• EXERCISE OBJECTIVE:
Return all of the data that follows precisely, leaving every image out.

• DATA BLOCK:
════════════════════

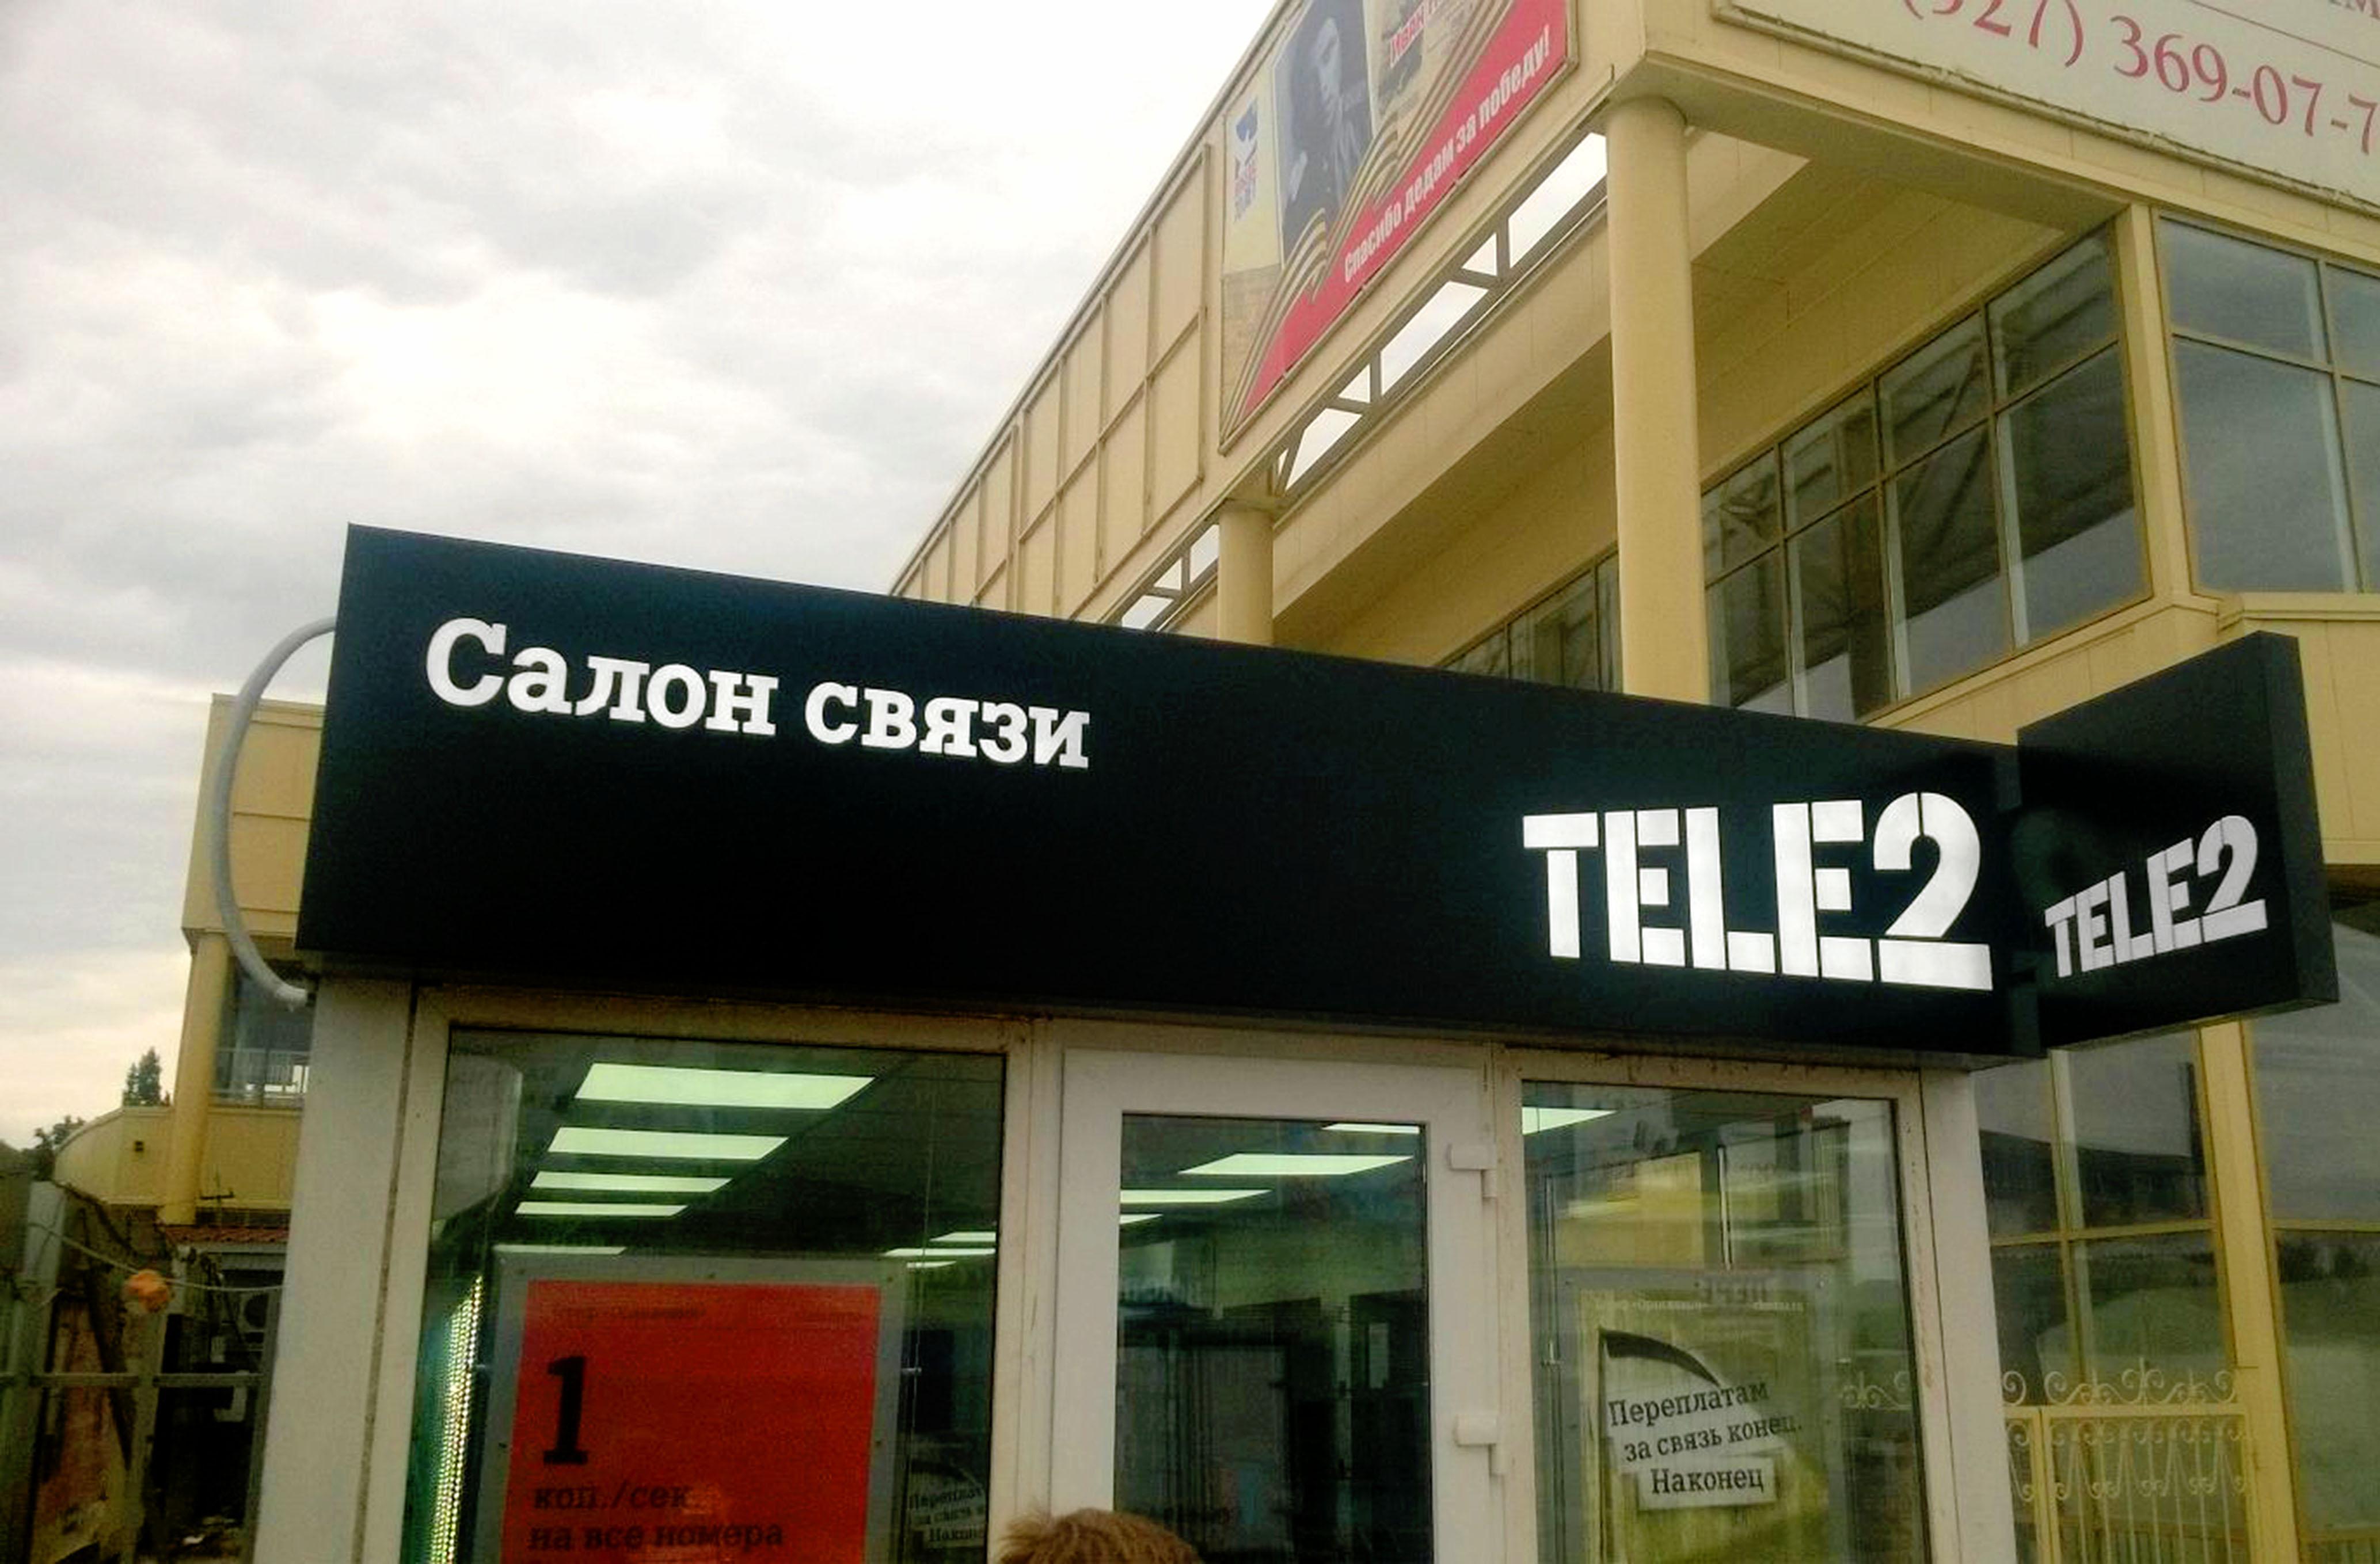 «Tele2» в г. Пенза
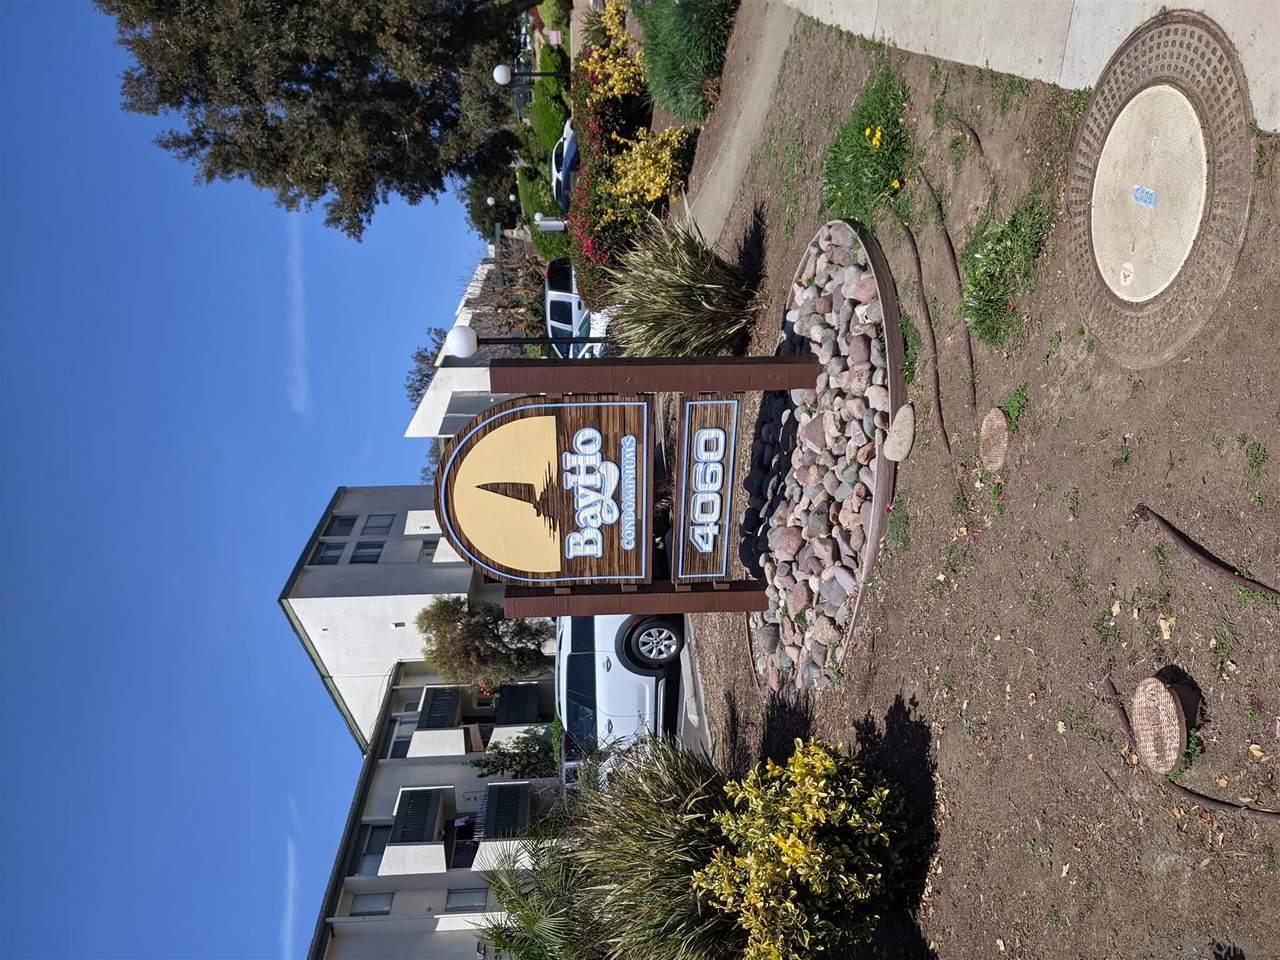 4060 Huerfano Ave - Photo 1
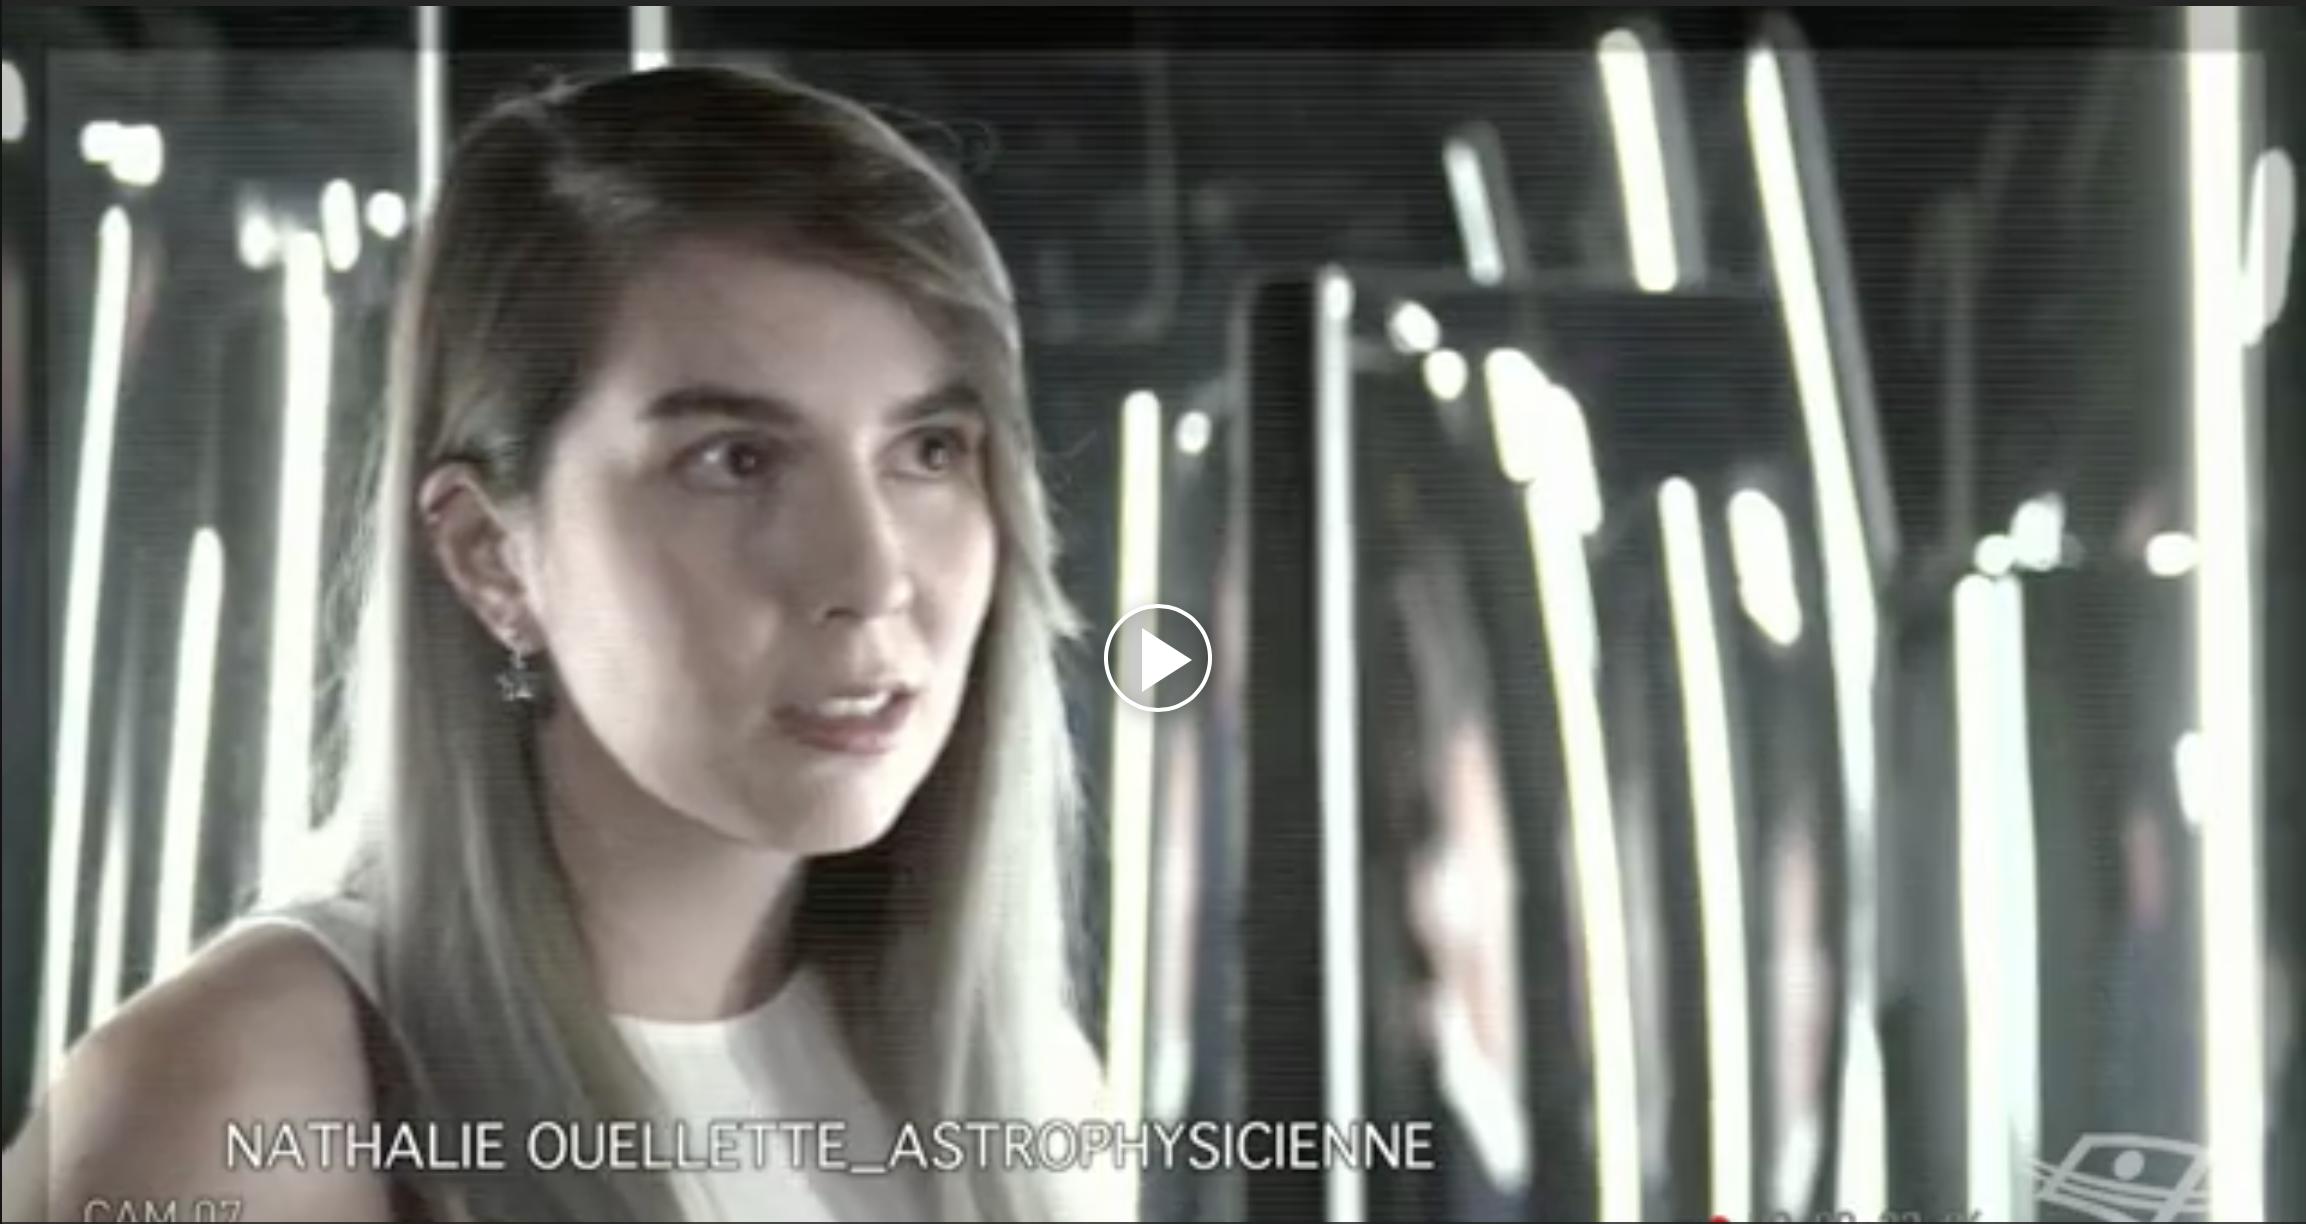 Demain le monde: la conquête spatiale, Les francs tireurs (3 octobre 2018), Télé-Québec.

════════════════════

• FINISHED EXERCISE:
 «Tele2» в г. Пенза
 4060 Huerfano Ave - Photo 1
 Demain le monde: la conquête spatiale, Les francs tireurs (3 octobre 2018), Télé-Québec.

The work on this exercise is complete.